To get the project running for an organisation, AI experts will probably need 15 other team members, the best minds hired from the industry.
Like the team huddle, there will be scrum meetings, review meetings to discuss progress, challenges, and daily tasks. The communication and collaboration skill is key to succeed in this environment.
This is a skill anybody, especially students of any field, must develop to succeed in their careers even if it requires them to work with machines.
10) Computing efficiency
How do you make a machine “learn”? Machines do not have natural intelligence and cognitive abilities to learn through a social environment. They are “taught” through data.
An enormous amount of data is fed into them so they can relate to patterns and can identify and therefore “learn.” To give the simplest example of AI.
To make a machine “identify” an image as “Cat,” it must be fed with endless images of “cats” of different kinds, from different angles and told that “these are cats.” The machine “remembers,” and when shown a cat, the machine calls it a “cat.”
Having said that, it is important to note that an AI engineer will work with data. Enormous amounts of data on which they will apply mathematics, programming, and algorithms.
The data can be so huge that it may have to be distributed across a system of machines or clusters, and that is known as “Distributed computing.”
It is not just enough for an AI aspirant to know about computing; they must also be comfortable distributing computing.
AI aspirants should have a knack for computing data, statistics, applied mathematics, and working with probability. This skill is indispensable and a must for all AI engineers.
Speaking about skills – knowledge or attributive, an Artificial Intelligence professional should also be innately creative and curious.
These skills are inherent in a person. They are either there or not. Ask yourself, Am I curious to learn more even after I have failed a million times?
Do I have the patience to work and fail, work, and fail to come up with a resolution? Am I someone who understands consumer needs?

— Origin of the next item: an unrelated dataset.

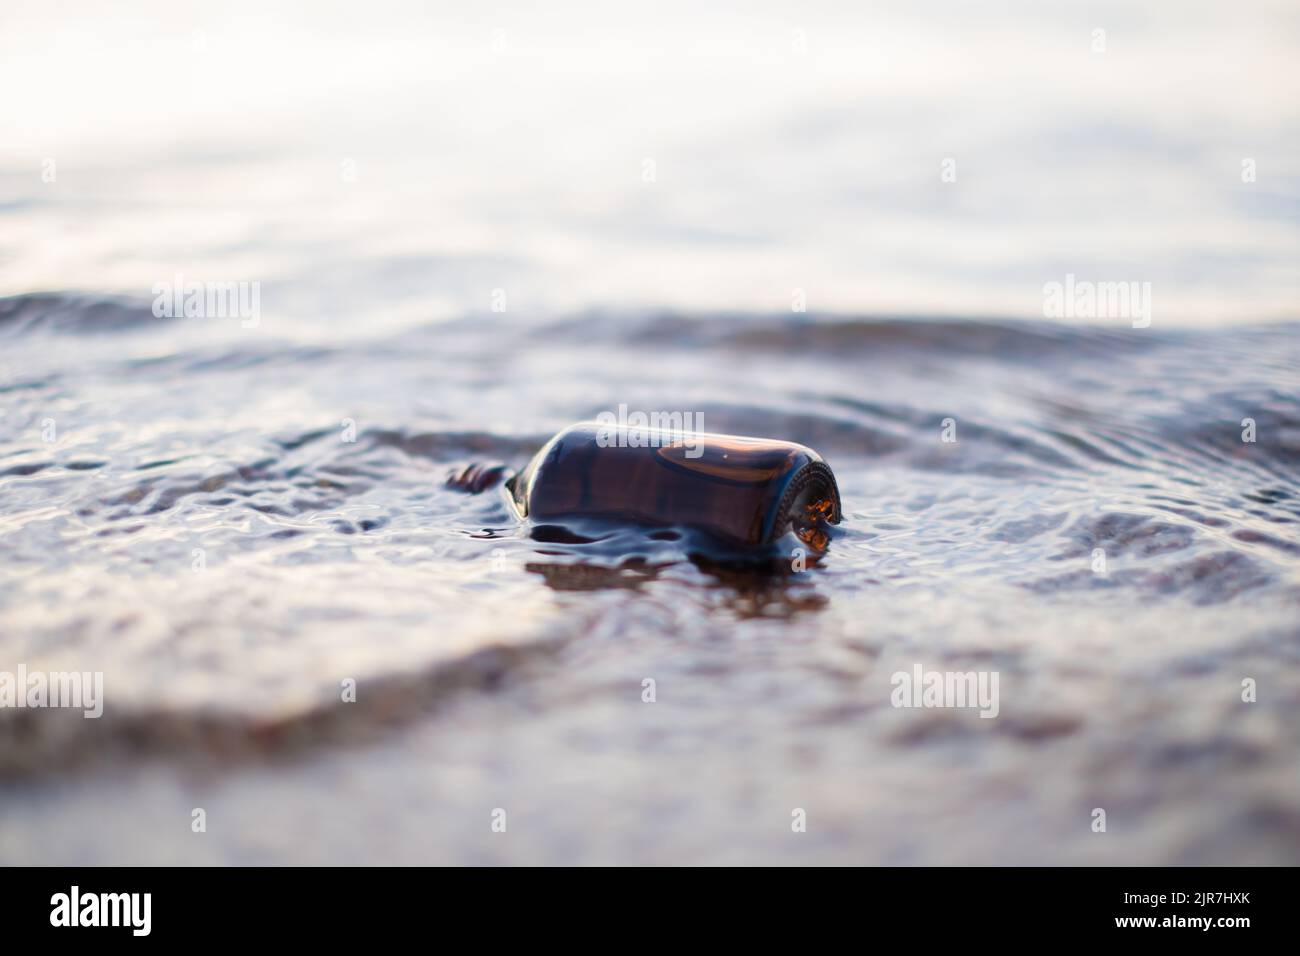 Flasche ätherisches Öl am Strand in Wellen. Kleine braune Medizinflasche im Hintergrund der Natur. Hanföl aus biologischem CBD. Stockfoto

Artificial Intelligence is about innovating to design solutions for newer needs. Therefore an AI expert constantly strives to understand those needs – social needs and logistical needs of the end-user.
It is only through understanding these needs that new inventions will come and new problem statements which will then be needed to solve.
This self-evaluation, along with a deep sense of interest in the subject, will catapult you towards a career that is not only interesting but also highly in demand. A mastery of the skill sets mentioned above will ensure that you are successful in that career.